Role of Programmed Death Protein 1(PD-1) Signaling in Regulation of Oral Cancer Pain

Abstract

Pain as an initial symptom in oral cancer is difficult to manage. 70−80% of oral cancer cells secrete programmed death ligand 1 (PD-L1) to inhibit T cell function. PD-L1 and its receptor programmed cell death protein 1 (PD-1) is a critical checkpoint in immunoregulatory pathways. Their antibodies have been proven to be novel anti-cancer drugs to treat cancers. However, the role of PD-1 signaling in the regulation of oral cancer pain is unclear. In the present project, we used acute and chronic oral cancer pain mouse models. RMP1-14, a specific anti-PD-1 antibody, was injected into spinal trigeminal nucleus caudalis (Sp5C). We observed that the PD-1 antibody significantly inhibited mechanical hypersensitivity and functional allodynia in acute oral cancer pain model, but enhanced mechanical hypersensitivity and functional allodynia in chronic oral cancer pain model.

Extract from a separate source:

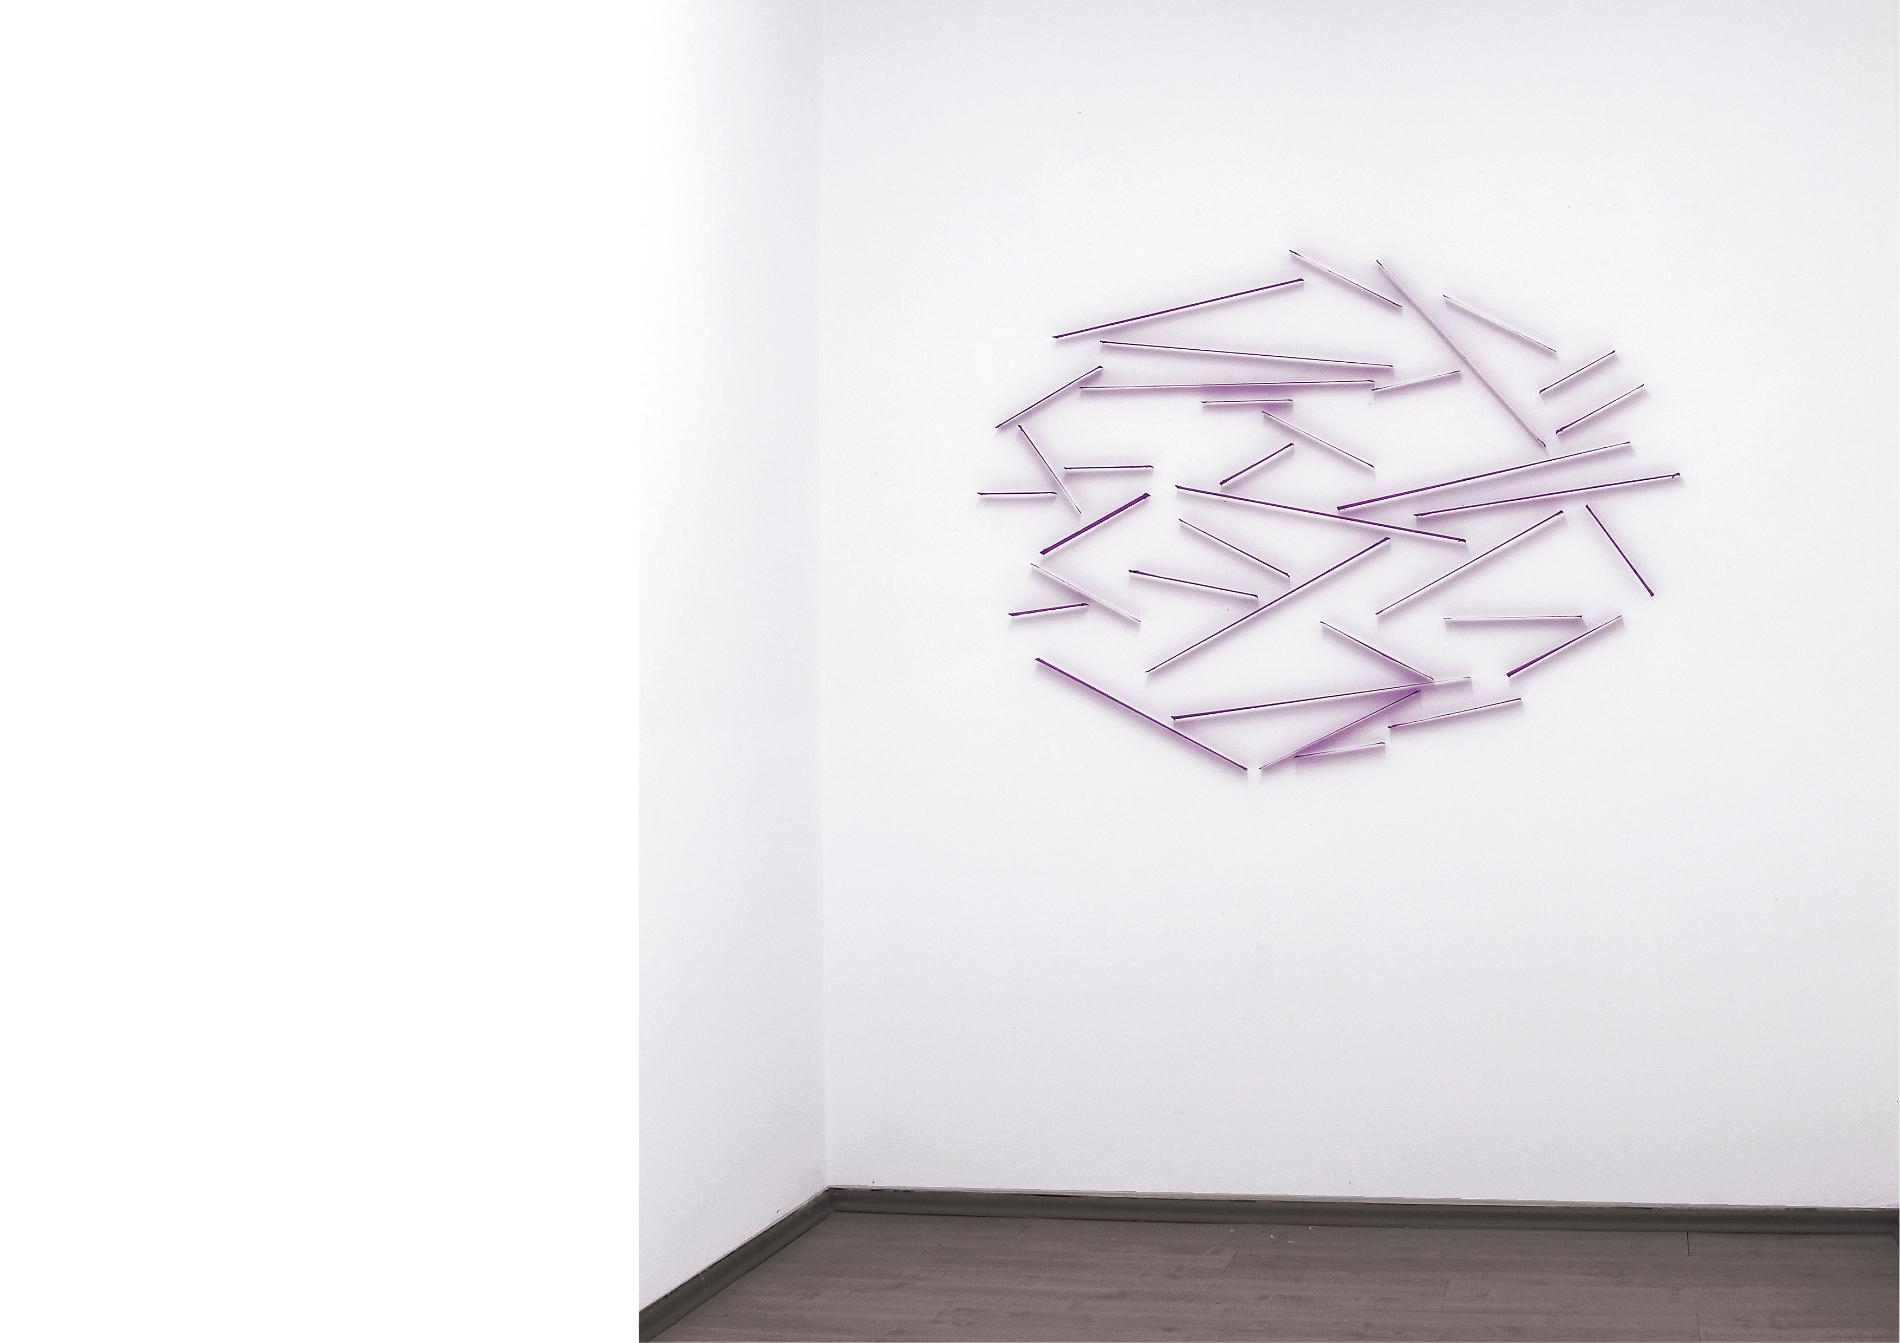 gh_oval_#1_2020_tissue, steel pins_100 x 140 x 3 cm

Moreover, we demonstrated the involvement of tumor necrosis factor alpha (TNFα) in oral cancer pain. TNFα was highly expressed in the Sp5C following the induction of such pain. Intra-Sp5C injection of the PD-1 antibody significantly decreased the expression of TNFα in the Sp5C of mice with acute or chronic cancer pain. We further observed that genetic deletion of TNFα or antagonism of its receptor blocked the effect of PD-1 antibody on acute oral cancer pain. In conclusion, PD-1 in the Sp5C can regulate oral cancer pain by altering the expression of TNFα in trigeminal nociceptive system. Further elucidation of the PD-1 signaling may identify potential targets for oral cancer pain management.